British Columbia has had an official telemedicine program since 2008. Like Texas they face the issue of covering a very large area with travel issues in the winter that might even be worse than in Texas. They seem to be very pleased with their program. I know someone in Smithers who has lung cancer. She did have a face-to-face with the oncologist in Vancouver initially, but she and her nurse practitioner have been in regular contact with the center electronically for the past year which was especially useful this winter. She is responding well to treatment and feeling well more than 15 months after a diagnosis of stage four lung cancer.

31 Dave Tufte August 27, 2017 at 1:08 pm

Me too, Tyler.

I was on a long distance cellphone call with my 75-ish parents. My Mom handed my Dad the phone to go do something in the kitchen. After a few minutes, he started slipping into a diabetic coma. He was not responsive enough to call my mother, but I kept him intermittently conscious. I went and got a landline, called their landline, got my Mom, and she called the EMT’s. All was well within an hour.
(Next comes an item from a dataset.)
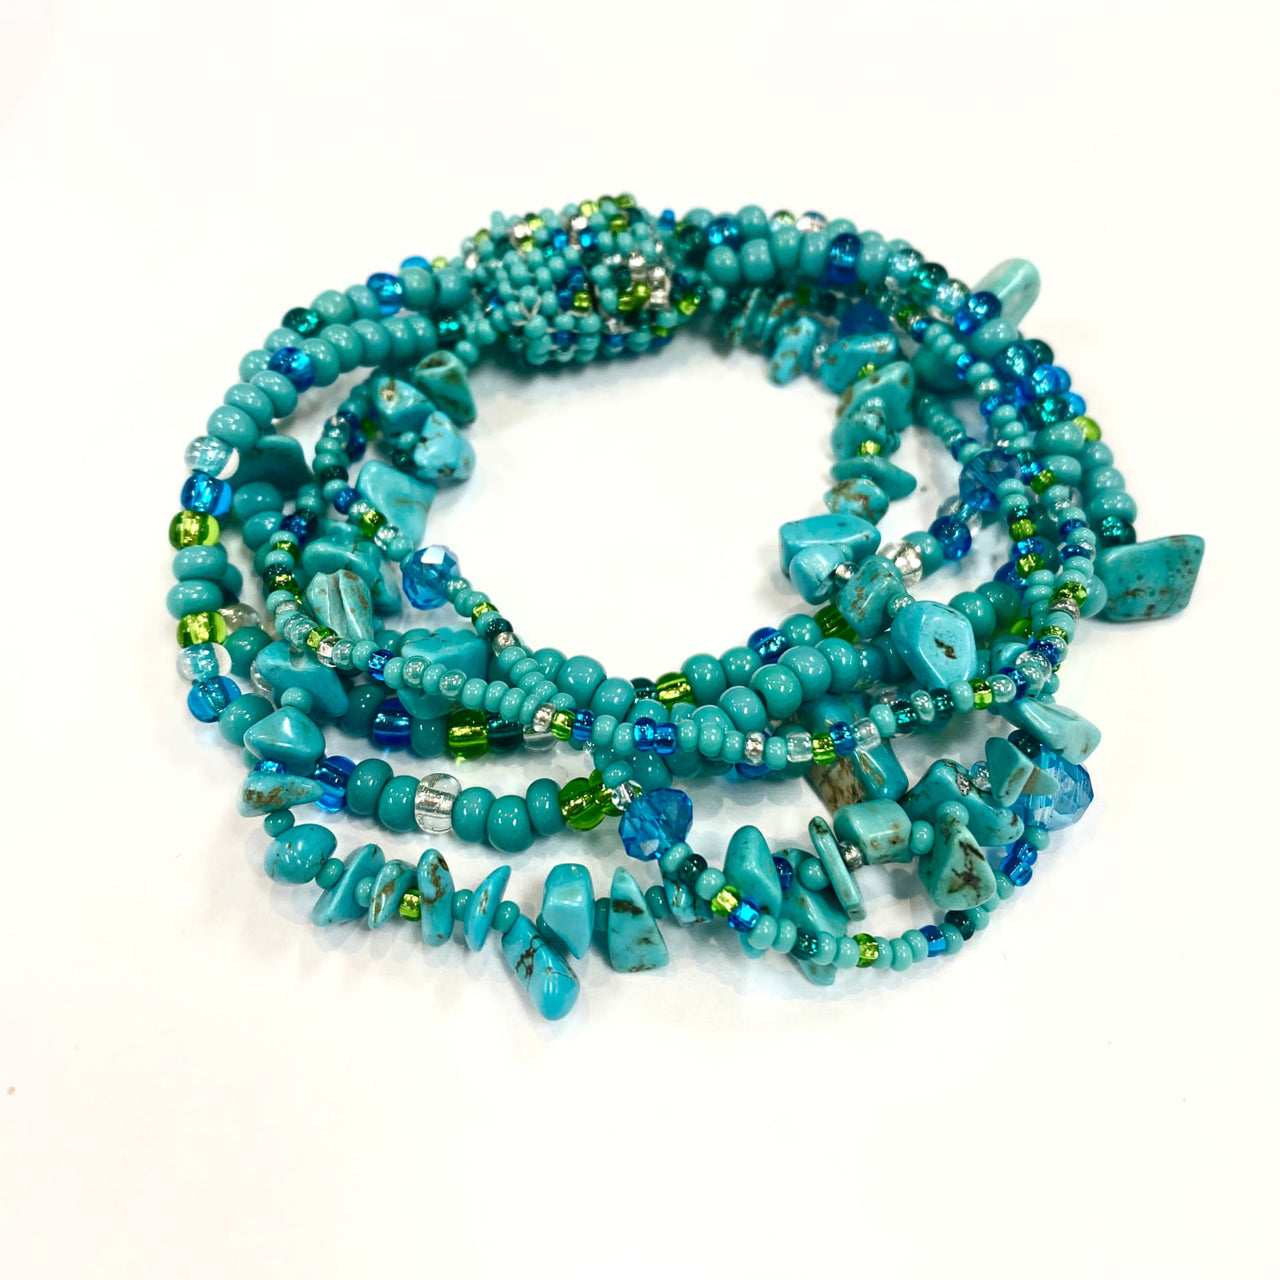 Crystal Beaded 6 Strand Bracelet with green aventurine and blue beads, Magnet Clasp #LV1779

32 Evan Harper August 27, 2017 at 4:40 pm

it would be nice if we could discuss this innovation without insane partisan lies about how obamacare is totes collapsing and it’s, uh, everyone’s fault I guess, certainly there’s no difference in the two parties’ commitment to making health care work or anything like that

33 Evan Harper August 27, 2017 at 4:41 pm

ohhhh….

> Robert Graboyes is a Senior Research Fellow and Health Care Scholar at the Mercatus Center at George Mason University

explains a lot

34 Careless August 27, 2017 at 6:19 pm

” insane partisan lies about how obamacare is totes collapsing”

lol

35 JWatts August 28, 2017 at 7:19 pm

Yep, it’s an insane partisan lie that major insurance companies keep leaving the Obamacare market after losing vast amounts of money.